| Available records |
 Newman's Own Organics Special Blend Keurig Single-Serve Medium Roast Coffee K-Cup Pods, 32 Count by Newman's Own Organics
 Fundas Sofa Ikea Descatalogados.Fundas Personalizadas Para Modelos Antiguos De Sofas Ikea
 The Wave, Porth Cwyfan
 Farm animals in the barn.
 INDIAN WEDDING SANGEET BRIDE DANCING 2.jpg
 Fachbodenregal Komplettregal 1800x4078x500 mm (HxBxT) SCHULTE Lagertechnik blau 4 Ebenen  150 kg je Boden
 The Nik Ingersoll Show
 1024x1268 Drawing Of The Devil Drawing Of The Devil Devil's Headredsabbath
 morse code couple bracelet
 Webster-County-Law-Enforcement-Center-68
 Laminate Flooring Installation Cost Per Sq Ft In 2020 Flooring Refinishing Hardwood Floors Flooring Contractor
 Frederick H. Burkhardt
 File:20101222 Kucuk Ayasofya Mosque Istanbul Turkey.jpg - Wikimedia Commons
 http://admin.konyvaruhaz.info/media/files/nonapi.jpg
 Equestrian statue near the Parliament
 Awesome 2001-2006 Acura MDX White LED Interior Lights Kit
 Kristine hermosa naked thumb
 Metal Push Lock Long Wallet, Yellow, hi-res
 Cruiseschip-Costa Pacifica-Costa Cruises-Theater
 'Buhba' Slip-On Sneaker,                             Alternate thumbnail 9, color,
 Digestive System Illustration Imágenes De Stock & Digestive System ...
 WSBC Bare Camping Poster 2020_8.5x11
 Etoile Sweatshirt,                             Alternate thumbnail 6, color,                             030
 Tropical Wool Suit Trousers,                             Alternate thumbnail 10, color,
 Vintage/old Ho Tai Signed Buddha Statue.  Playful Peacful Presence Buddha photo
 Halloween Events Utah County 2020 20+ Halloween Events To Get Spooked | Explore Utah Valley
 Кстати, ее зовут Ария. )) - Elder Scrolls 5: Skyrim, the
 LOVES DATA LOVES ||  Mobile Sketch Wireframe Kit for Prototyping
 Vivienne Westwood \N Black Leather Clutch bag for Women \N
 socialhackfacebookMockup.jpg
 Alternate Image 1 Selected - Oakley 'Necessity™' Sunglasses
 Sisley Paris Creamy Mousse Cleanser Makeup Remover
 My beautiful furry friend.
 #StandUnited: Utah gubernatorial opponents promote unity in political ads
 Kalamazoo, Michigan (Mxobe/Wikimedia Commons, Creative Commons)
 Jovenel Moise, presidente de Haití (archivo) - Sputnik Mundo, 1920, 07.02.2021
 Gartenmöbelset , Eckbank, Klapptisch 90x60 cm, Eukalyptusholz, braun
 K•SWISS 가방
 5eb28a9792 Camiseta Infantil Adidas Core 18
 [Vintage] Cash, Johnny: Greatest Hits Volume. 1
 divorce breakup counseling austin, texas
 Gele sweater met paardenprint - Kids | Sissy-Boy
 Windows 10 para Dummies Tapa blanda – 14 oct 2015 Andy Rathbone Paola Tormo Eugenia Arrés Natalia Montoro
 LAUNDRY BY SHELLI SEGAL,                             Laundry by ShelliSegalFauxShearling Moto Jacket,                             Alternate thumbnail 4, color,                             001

| Exercise goal |
In the listing above, find the line with "Vintage/old Ho Tai" and the line with "My beautiful furry friend."; set down exactly those two lines and every line between them, nothing more.

| Exercise response |
 Vintage/old Ho Tai Signed Buddha Statue.  Playful Peacful Presence Buddha photo
 Halloween Events Utah County 2020 20+ Halloween Events To Get Spooked | Explore Utah Valley
 Кстати, ее зовут Ария. )) - Elder Scrolls 5: Skyrim, the
 LOVES DATA LOVES ||  Mobile Sketch Wireframe Kit for Prototyping
 Vivienne Westwood \N Black Leather Clutch bag for Women \N
 socialhackfacebookMockup.jpg
 Alternate Image 1 Selected - Oakley 'Necessity™' Sunglasses
 Sisley Paris Creamy Mousse Cleanser Makeup Remover
 My beautiful furry friend.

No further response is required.